### Record set

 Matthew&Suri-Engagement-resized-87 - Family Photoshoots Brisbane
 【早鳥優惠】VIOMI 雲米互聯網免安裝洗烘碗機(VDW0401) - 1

* * *

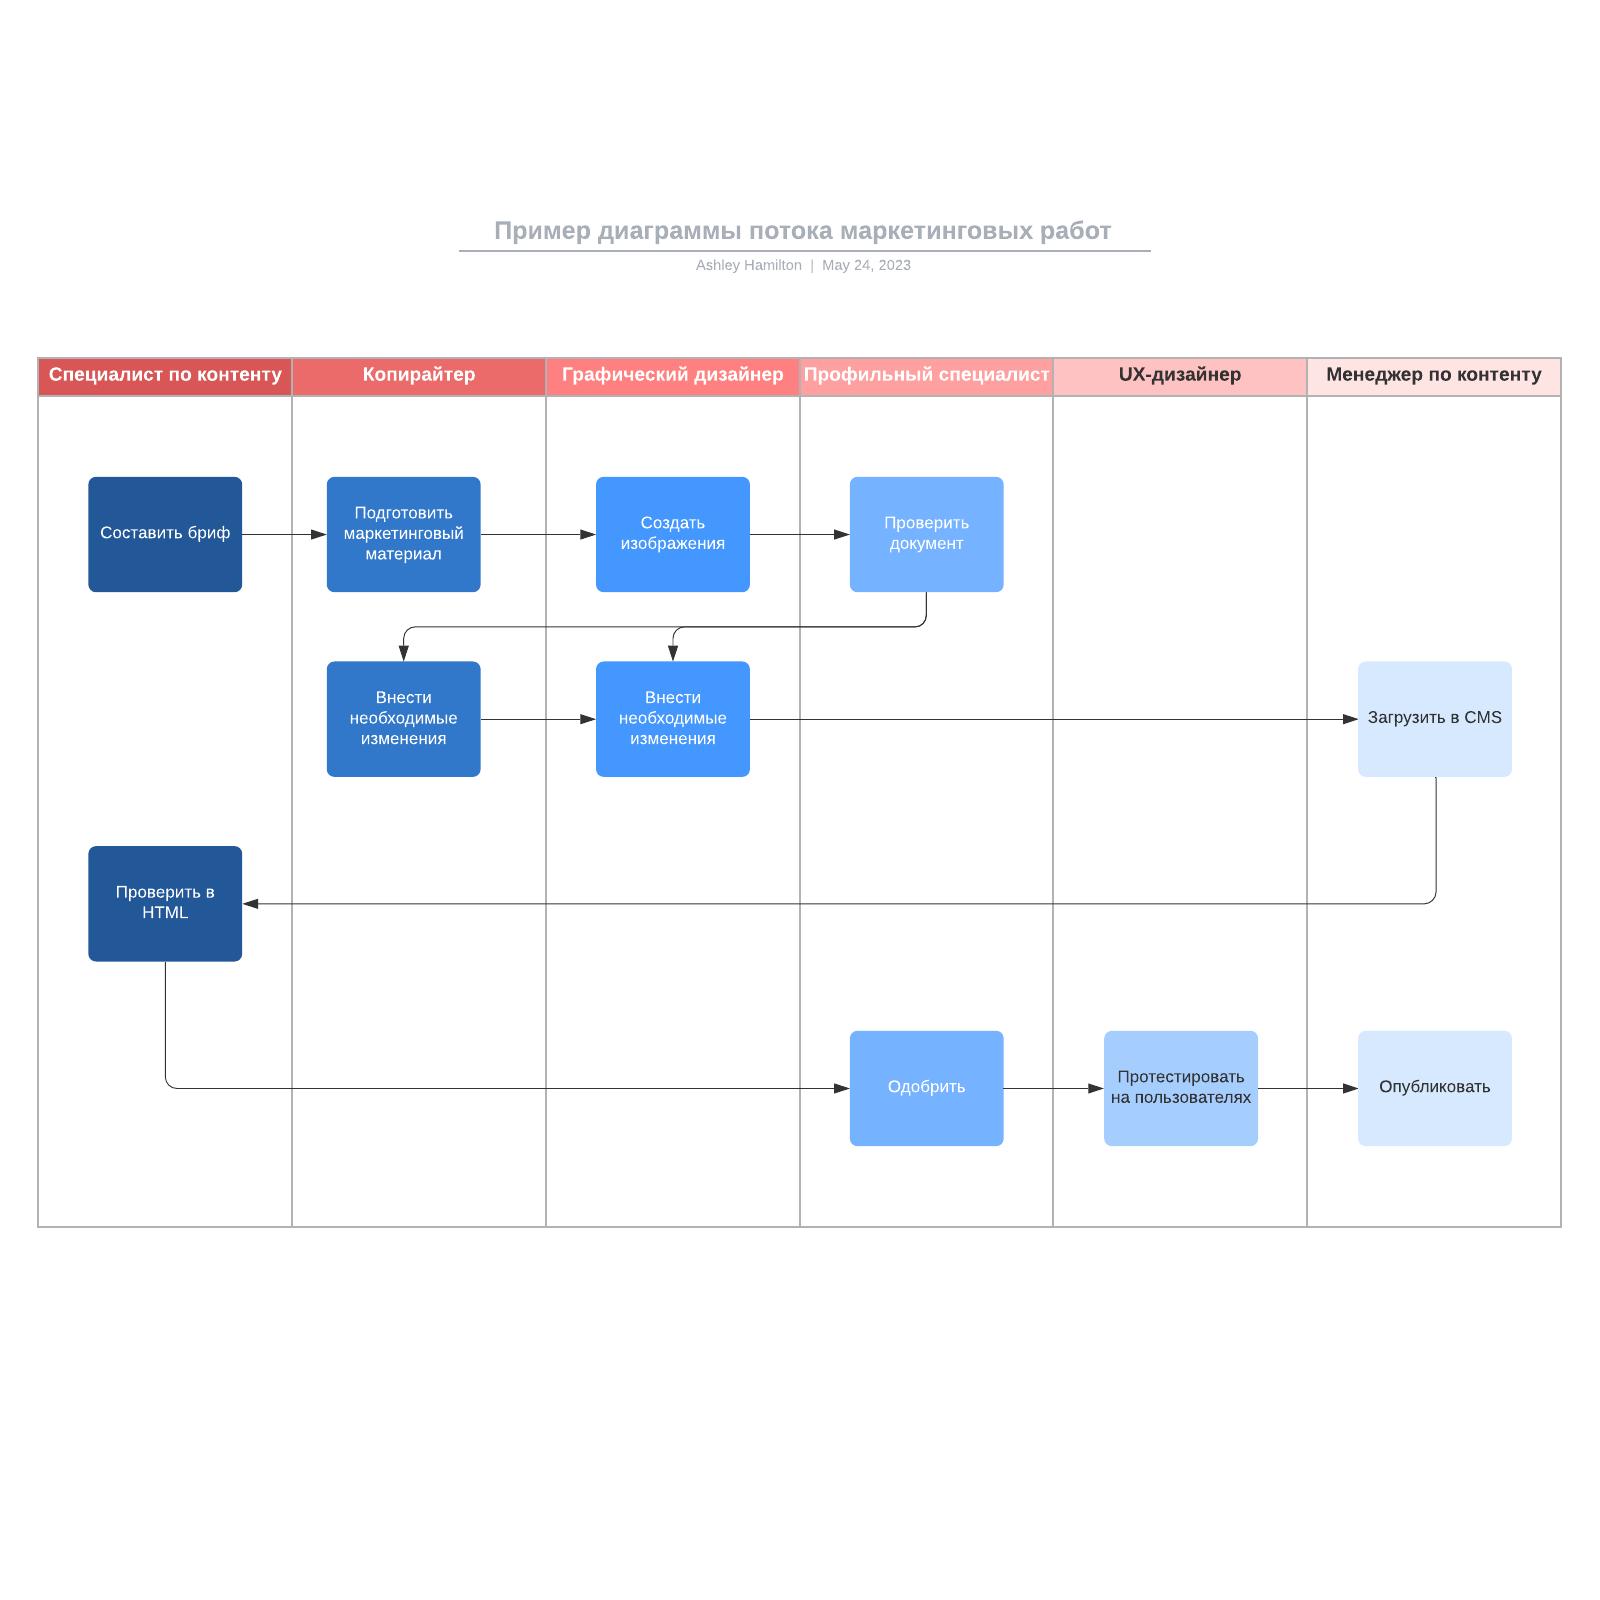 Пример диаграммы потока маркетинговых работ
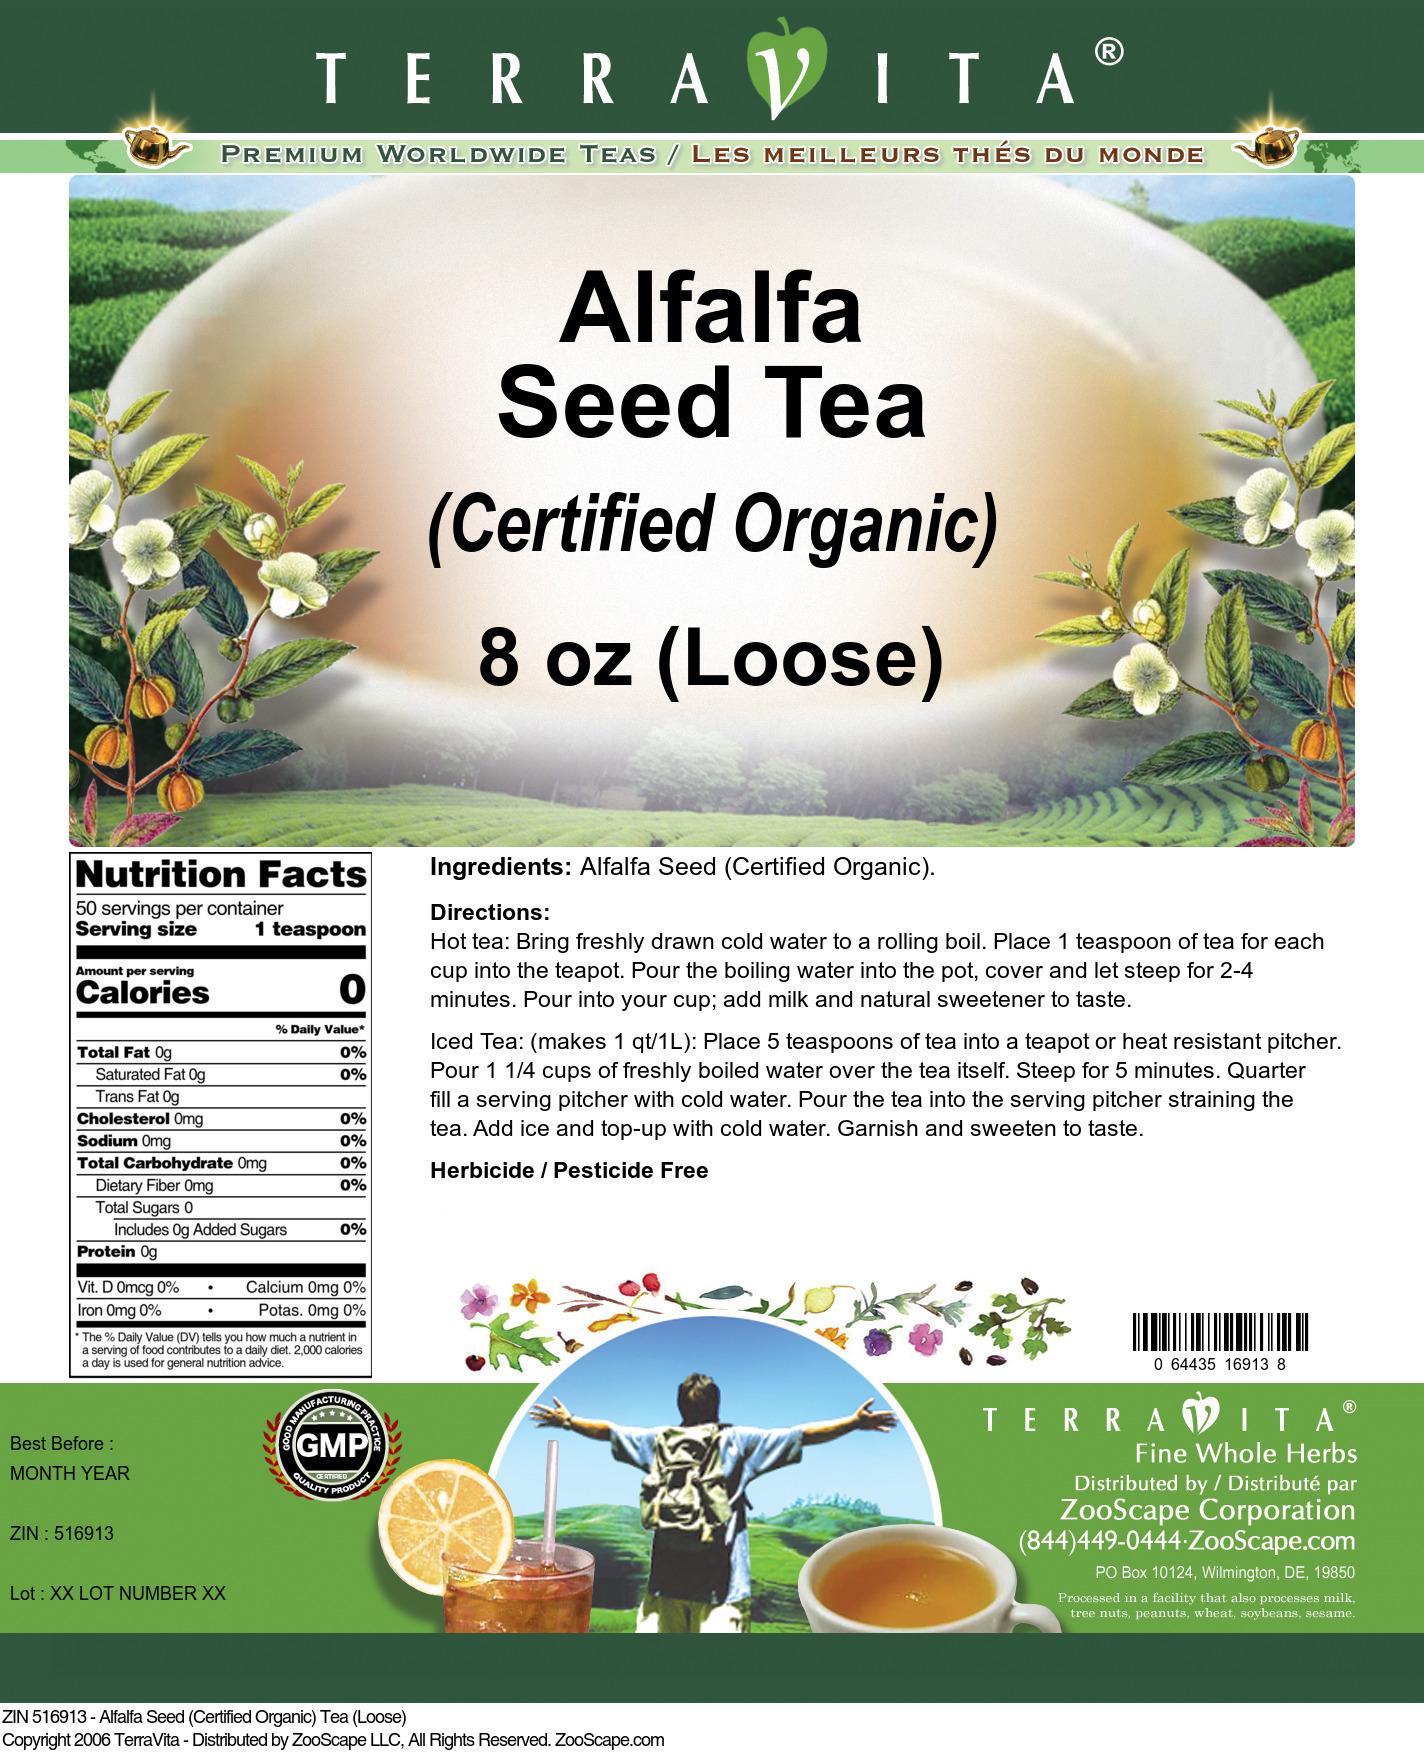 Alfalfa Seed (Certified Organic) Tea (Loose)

### Goal of the exercise
Print exactly the lines of the listing above starting at the line containing "Matthew&Suri-Engagement-resized-87 - Family" and ending at the line containing "雲米互聯網免安裝洗烘碗機(VDW0401) - 1", both included.

### Solution to the problem
 Matthew&Suri-Engagement-resized-87 - Family Photoshoots Brisbane
 【早鳥優惠】VIOMI 雲米互聯網免安裝洗烘碗機(VDW0401) - 1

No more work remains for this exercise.